Gerilimin, medyada çıkan haberlerle belirginleşince gevşediğini söyleyen Bildirici, kendisine nazaran yapılması gerekeni şöyle anlattı:
“Ben de evvel İmamoğlu ve belediye zabıtalarının davranışının hakikat olmadığını belirteyim. Bir habere karşı verilecek reaksiyon, o gazetenin sahibinin annesinin konutuna zabıta göndermek olmamalıydı. Haberde yanlışlık varsa açıklama yapılıp, hakikat bilginin topluma ulaşması sağlanabilir; doğruysa da eleştirilen yanlış düzeltilir. Bunların yerine zabıta gönderip cezalandırmaya kalkmak; haksız ve hukuksuz bir davranış, basın özgürlüğüne de ters.

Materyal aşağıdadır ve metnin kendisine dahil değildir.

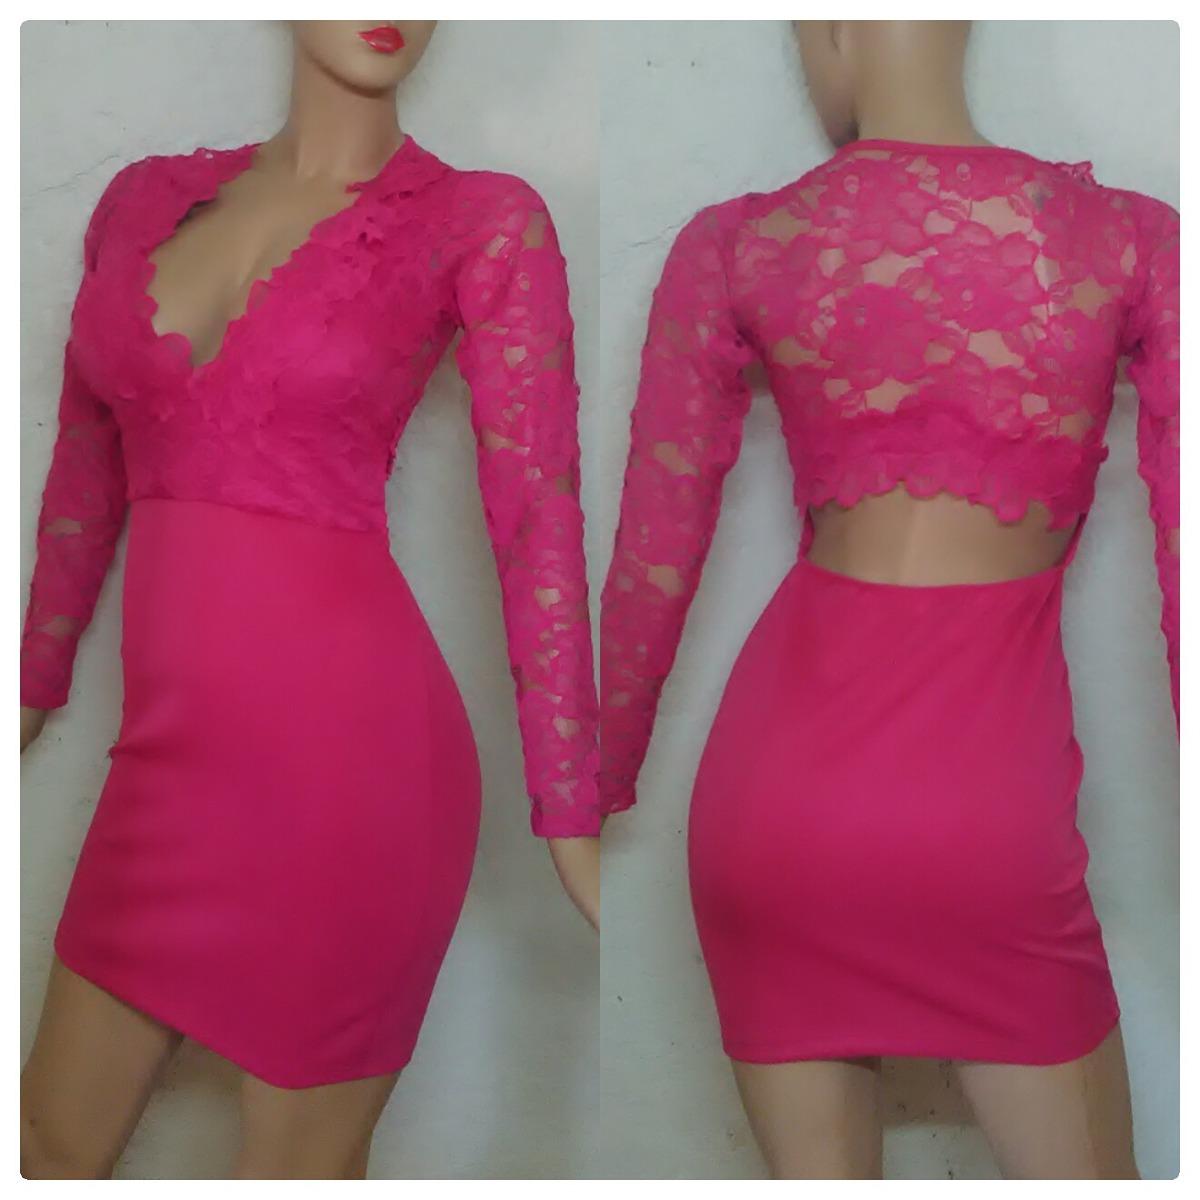 Vestidos De Encajes Para Damas - Bs. 29.000.000,00 en Mercado Libre

Sözcü’nün yapması gereken de yeniden gazeteciliğe başvurmak olmalıydı. İBB hakkındaki haberlerden sonra Burak Akbay’ın annesinin konutuna zabıta gönderildiği Sözcü’de haber yapılarak yanlış teşhir edilebilirdi. Sözcü’de bu mevzuda haber yayımlanmaması yanılgı.
Asıl değerlisi, yayımlanacak haberlerde tek ölçüt “haber değeri” olmalıydı. “Haber değeri” kavramının yerini gazetenin işvereninin reaksiyonu ya da kurumun çıkarı almamalıydı. Habercilik İmamoğlu’nu cezalandırma aracı haline getirilmemeliydi.
Haberciliğin cezalandırma aracına dönüştürülmesi yalnızca İmamoğlu’nun değil tıpkı vakitte okurun da cezalandırılması sonucunu doğurdu. Zira İstanbul üzere bir büyük kentin belediye lideri olan İmamoğlu’nun açıklamalarını, icraatlarını öğrenmek Sözcü okurlarının hakkıydı.
Ayrıca İBB ile Sözcü ortasındaki bir uyuşmazlıkta işverenin yansısının ya da kurumsal çıkarın temel alınması, misal reaksiyonun diğer hususlarda da verilebileceği kuşkusunu doğurur. Bu da Sözcü’nün gazeteciliğini tartışmalı hale getirir, objektif habercilik algısına ziyan verir.”